**Your goal:** Reproduce, exactly and in full, only the lines below from the one containing "Woman wearing 1940s 2 piece dress." through the one containing "کنسول بازی سونی".

■ ■ ■ ■ ■

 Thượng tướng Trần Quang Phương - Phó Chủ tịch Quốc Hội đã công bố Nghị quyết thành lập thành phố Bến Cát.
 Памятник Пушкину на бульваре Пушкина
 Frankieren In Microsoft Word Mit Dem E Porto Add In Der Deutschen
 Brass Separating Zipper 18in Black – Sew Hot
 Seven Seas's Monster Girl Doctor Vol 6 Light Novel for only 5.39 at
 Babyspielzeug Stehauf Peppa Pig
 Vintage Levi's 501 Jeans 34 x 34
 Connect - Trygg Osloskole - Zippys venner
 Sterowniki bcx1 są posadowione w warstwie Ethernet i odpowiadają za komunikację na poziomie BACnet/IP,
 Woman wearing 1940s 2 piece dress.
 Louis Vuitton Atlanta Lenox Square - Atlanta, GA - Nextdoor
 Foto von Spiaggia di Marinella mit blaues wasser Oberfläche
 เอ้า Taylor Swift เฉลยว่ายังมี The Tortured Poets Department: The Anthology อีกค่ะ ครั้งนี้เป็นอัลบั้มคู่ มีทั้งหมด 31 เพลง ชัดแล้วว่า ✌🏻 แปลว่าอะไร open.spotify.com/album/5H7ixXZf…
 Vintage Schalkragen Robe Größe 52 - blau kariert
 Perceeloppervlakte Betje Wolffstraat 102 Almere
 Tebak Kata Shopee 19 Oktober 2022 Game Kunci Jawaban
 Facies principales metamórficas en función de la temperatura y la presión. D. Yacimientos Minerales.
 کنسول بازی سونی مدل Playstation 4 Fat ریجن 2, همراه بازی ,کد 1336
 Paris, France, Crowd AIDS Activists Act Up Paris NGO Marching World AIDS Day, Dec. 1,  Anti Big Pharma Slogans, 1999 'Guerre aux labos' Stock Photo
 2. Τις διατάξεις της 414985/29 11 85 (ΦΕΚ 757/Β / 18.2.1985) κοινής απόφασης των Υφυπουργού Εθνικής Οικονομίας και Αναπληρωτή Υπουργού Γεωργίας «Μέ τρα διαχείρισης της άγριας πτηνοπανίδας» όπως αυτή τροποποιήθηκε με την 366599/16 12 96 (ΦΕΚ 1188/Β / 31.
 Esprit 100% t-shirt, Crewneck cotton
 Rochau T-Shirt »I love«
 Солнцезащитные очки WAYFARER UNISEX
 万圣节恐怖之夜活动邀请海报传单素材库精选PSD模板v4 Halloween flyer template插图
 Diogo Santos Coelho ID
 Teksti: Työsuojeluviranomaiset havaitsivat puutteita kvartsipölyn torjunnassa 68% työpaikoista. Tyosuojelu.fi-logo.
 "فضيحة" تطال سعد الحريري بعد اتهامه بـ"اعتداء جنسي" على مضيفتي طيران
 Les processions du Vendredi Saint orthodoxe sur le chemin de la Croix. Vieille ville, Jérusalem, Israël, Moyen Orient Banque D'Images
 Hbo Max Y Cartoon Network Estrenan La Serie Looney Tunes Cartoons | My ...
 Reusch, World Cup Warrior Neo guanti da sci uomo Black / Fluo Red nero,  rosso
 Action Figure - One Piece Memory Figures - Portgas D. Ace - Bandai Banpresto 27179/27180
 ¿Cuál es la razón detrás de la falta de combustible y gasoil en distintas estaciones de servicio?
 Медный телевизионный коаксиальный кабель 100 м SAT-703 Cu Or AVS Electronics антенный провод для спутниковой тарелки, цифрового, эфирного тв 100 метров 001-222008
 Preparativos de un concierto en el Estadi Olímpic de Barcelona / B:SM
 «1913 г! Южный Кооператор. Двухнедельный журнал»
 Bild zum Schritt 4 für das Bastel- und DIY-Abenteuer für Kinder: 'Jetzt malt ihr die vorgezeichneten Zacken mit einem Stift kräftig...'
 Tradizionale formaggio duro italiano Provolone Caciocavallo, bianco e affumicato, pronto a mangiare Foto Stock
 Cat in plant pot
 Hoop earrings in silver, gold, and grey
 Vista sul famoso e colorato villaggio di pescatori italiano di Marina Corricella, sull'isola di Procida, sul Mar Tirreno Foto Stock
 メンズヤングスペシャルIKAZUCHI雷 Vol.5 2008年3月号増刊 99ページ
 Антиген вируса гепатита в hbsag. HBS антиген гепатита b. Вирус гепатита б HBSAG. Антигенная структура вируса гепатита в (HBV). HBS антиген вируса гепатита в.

■ ■ ■ ■ ■

**Problem solution:**
 Woman wearing 1940s 2 piece dress.
 Louis Vuitton Atlanta Lenox Square - Atlanta, GA - Nextdoor
 Foto von Spiaggia di Marinella mit blaues wasser Oberfläche
 เอ้า Taylor Swift เฉลยว่ายังมี The Tortured Poets Department: The Anthology อีกค่ะ ครั้งนี้เป็นอัลบั้มคู่ มีทั้งหมด 31 เพลง ชัดแล้วว่า ✌🏻 แปลว่าอะไร open.spotify.com/album/5H7ixXZf…
 Vintage Schalkragen Robe Größe 52 - blau kariert
 Perceeloppervlakte Betje Wolffstraat 102 Almere
 Tebak Kata Shopee 19 Oktober 2022 Game Kunci Jawaban
 Facies principales metamórficas en función de la temperatura y la presión. D. Yacimientos Minerales.
 کنسول بازی سونی مدل Playstation 4 Fat ریجن 2, همراه بازی ,کد 1336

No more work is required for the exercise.